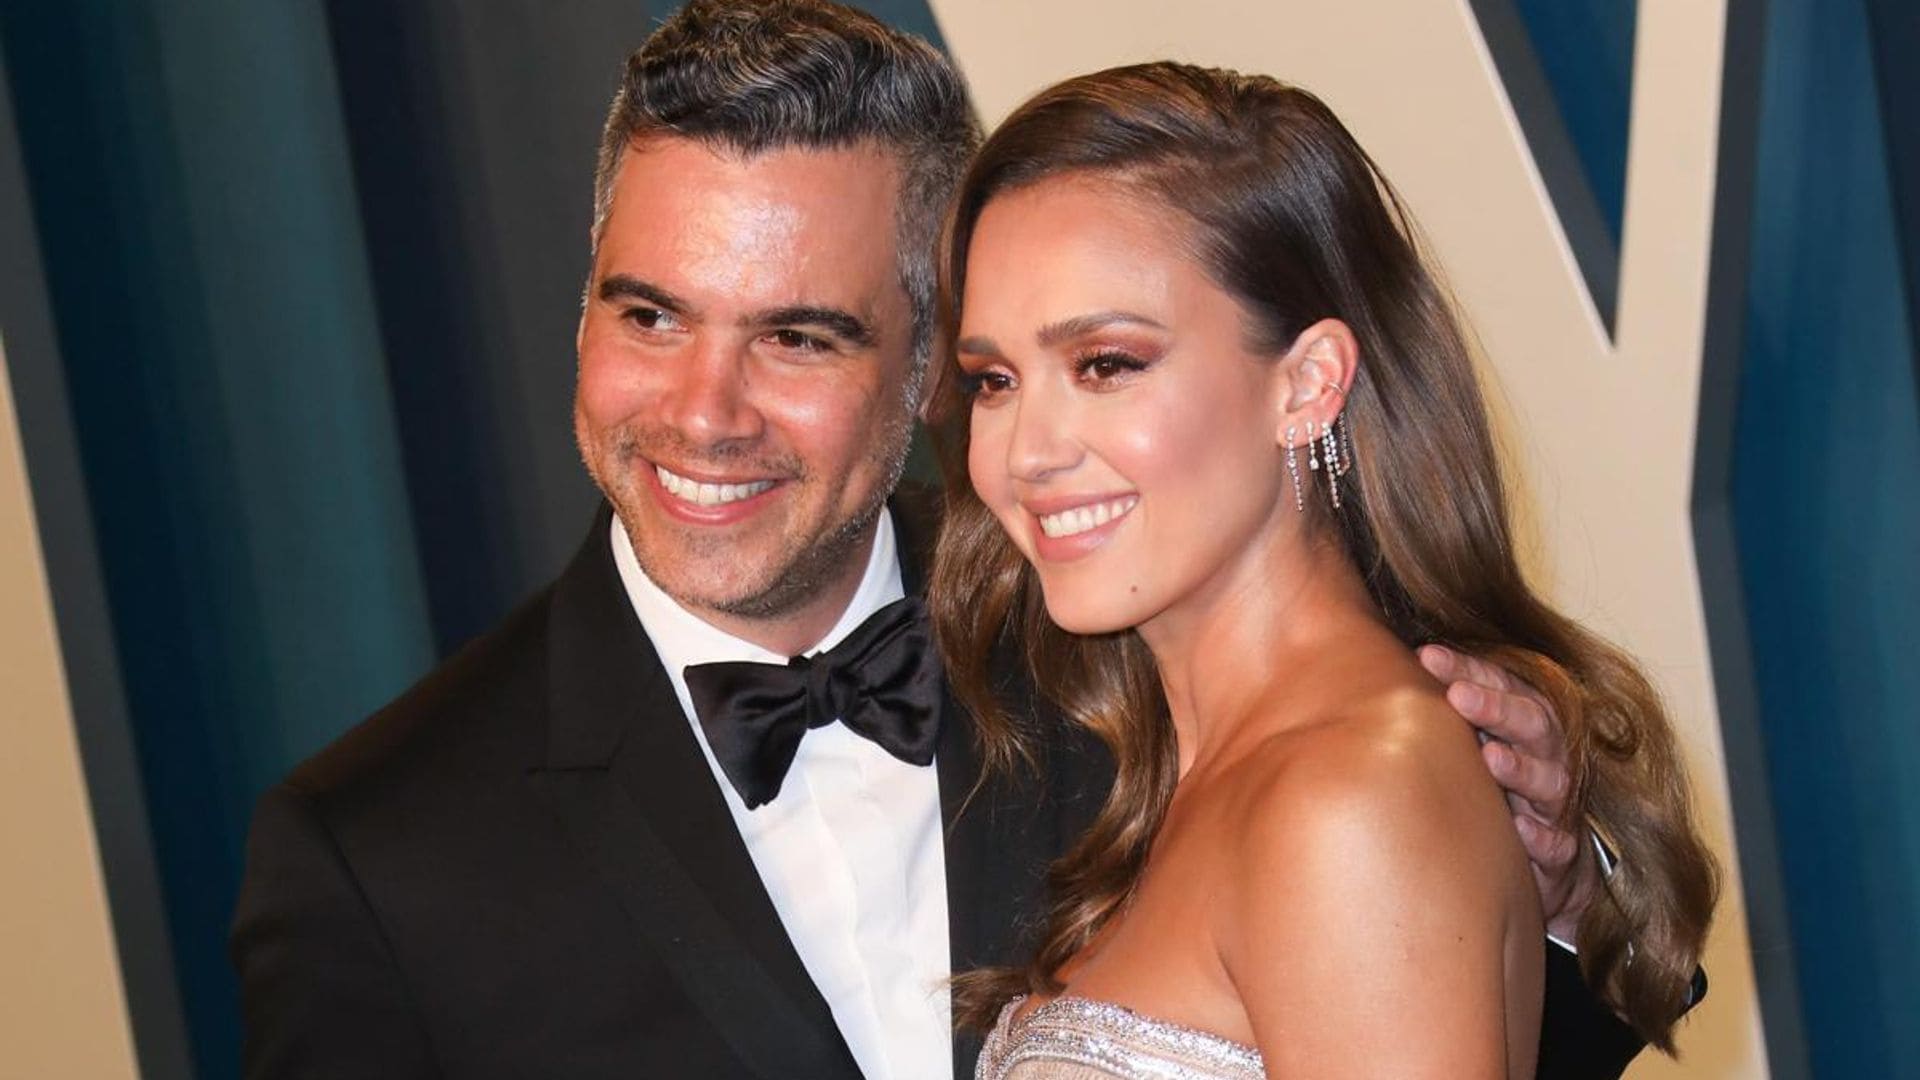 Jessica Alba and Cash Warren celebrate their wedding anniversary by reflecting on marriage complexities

* * *

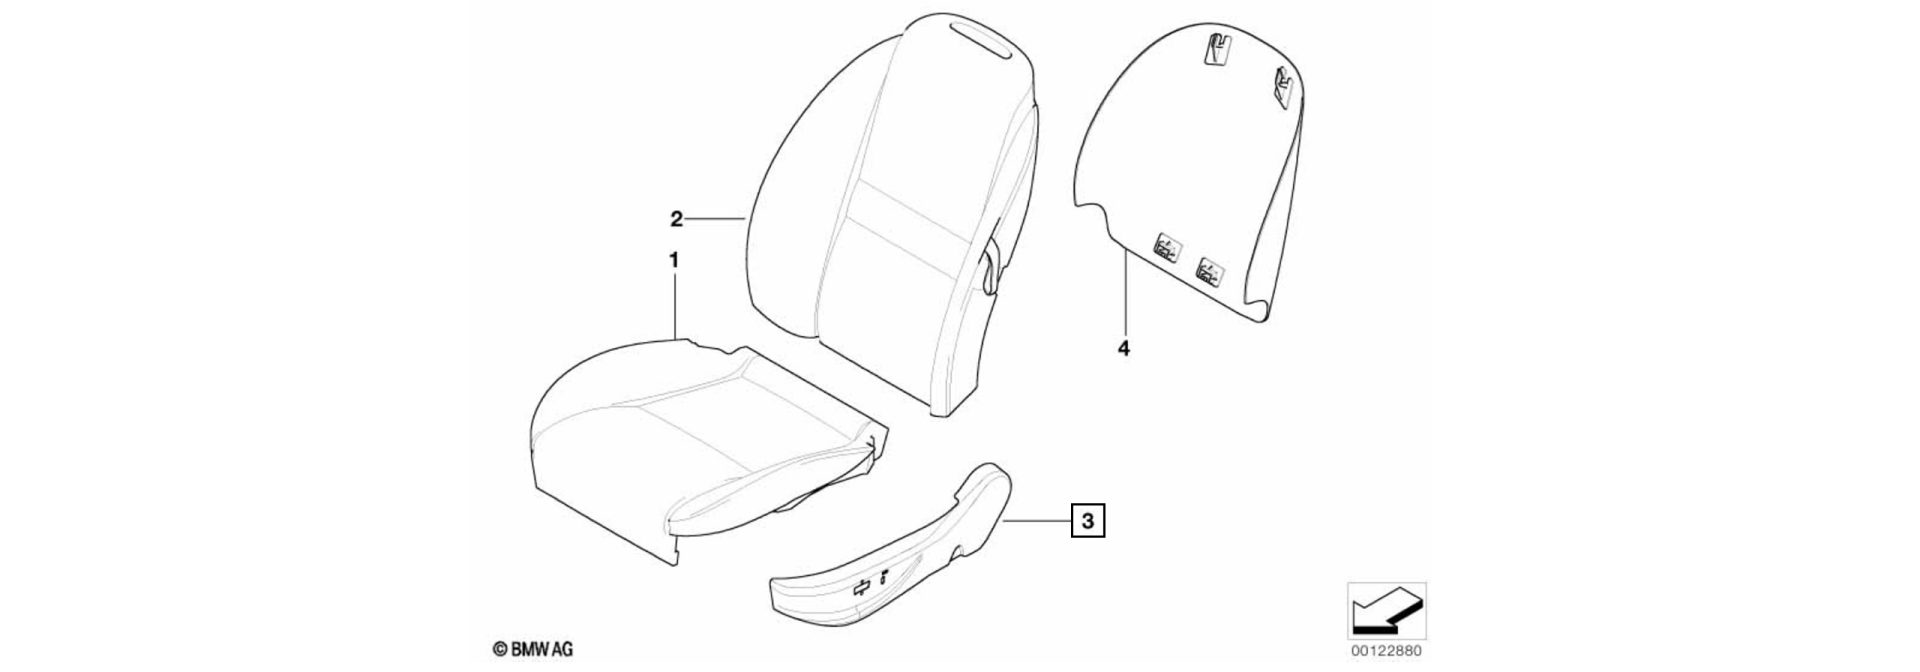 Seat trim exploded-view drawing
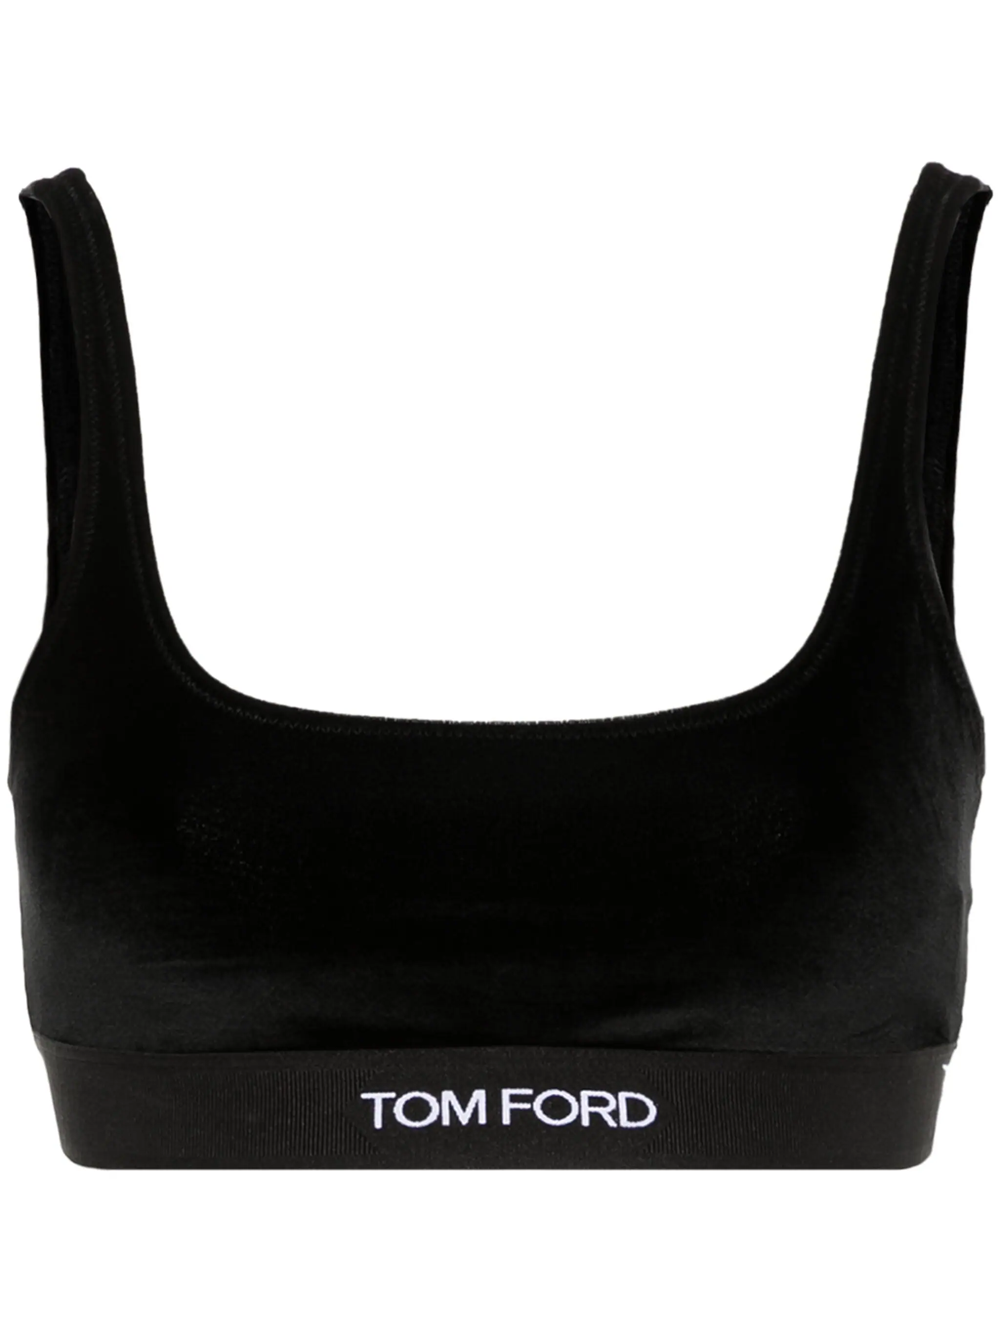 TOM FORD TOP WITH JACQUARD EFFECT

==

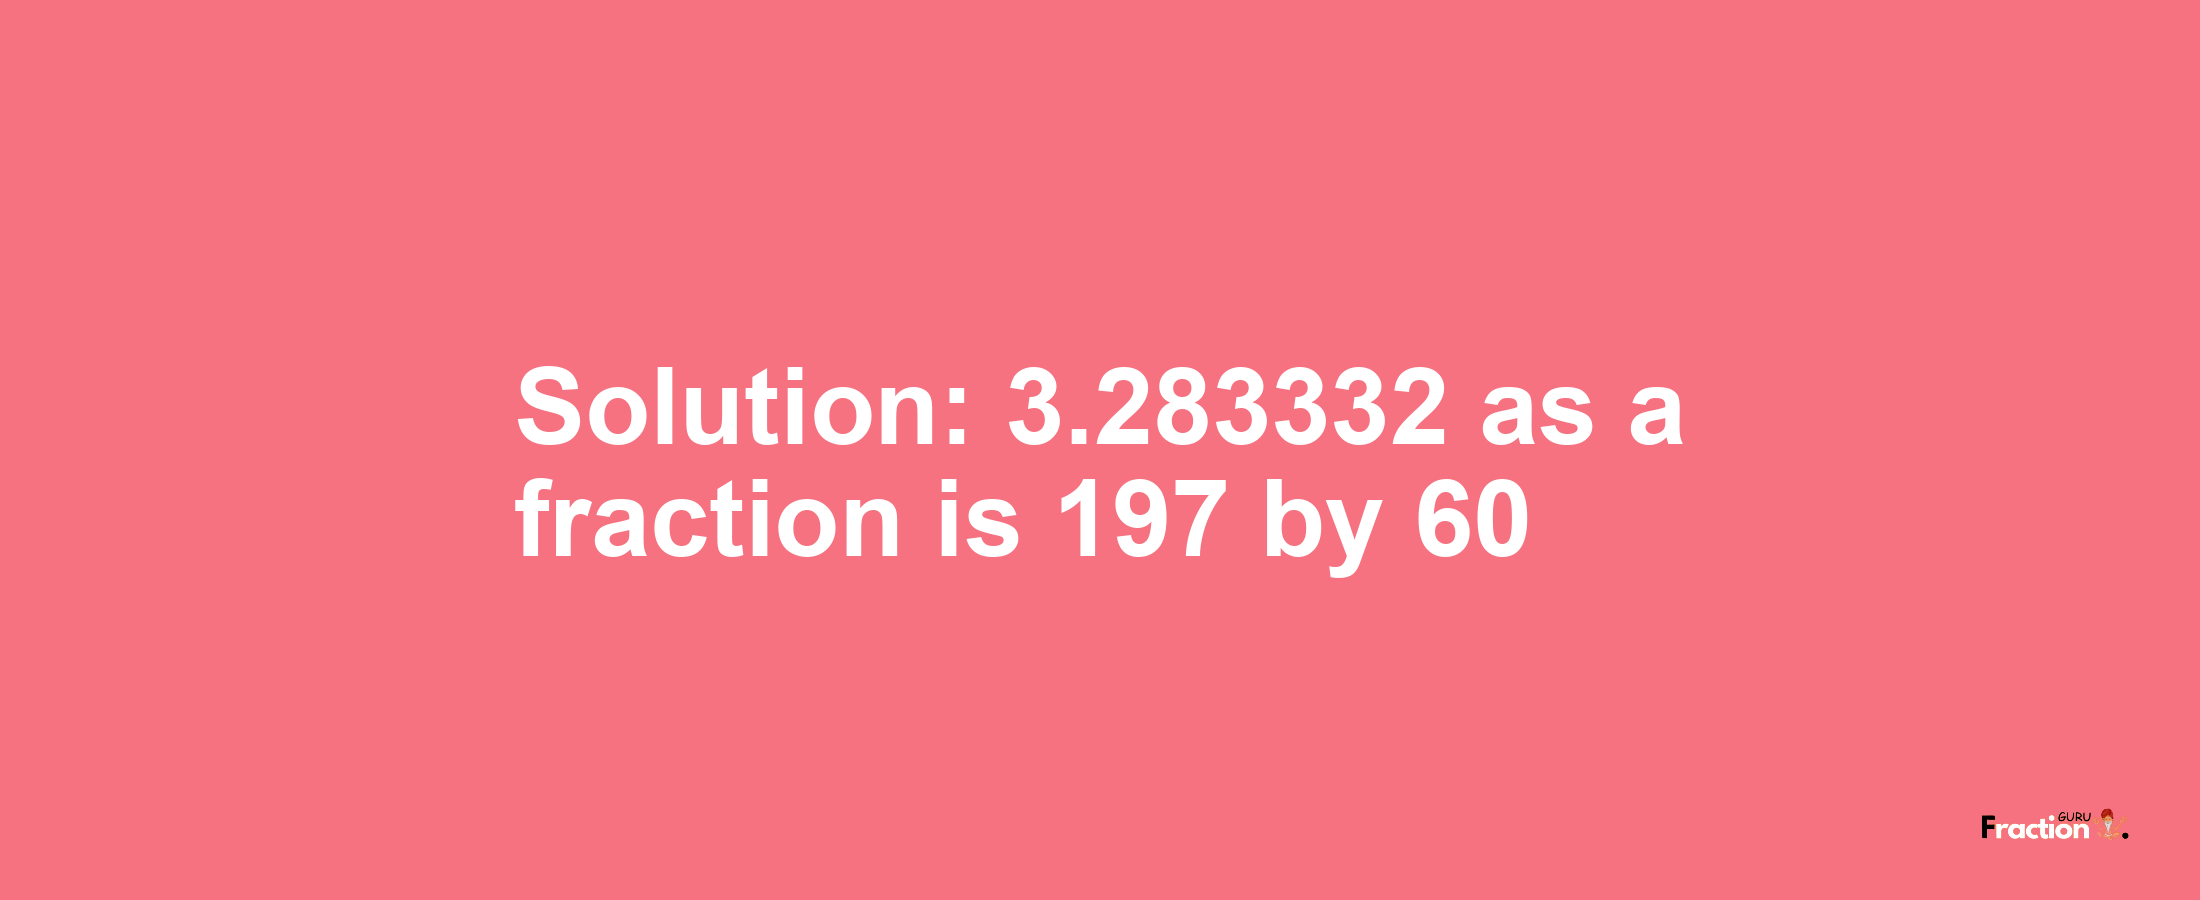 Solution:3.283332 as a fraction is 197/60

EXERCISE DIRECTIONS: Give back exactly, and solely, the section of the data above bounded by the line containing "Seat trim exploded-view drawing" and the line containing "TOM FORD TOP WITH JACQUARD EFFECT", both bounding lines included and pictures omitted.

RESULT BELOW:
 Seat trim exploded-view drawing
 TOM FORD TOP WITH JACQUARD EFFECT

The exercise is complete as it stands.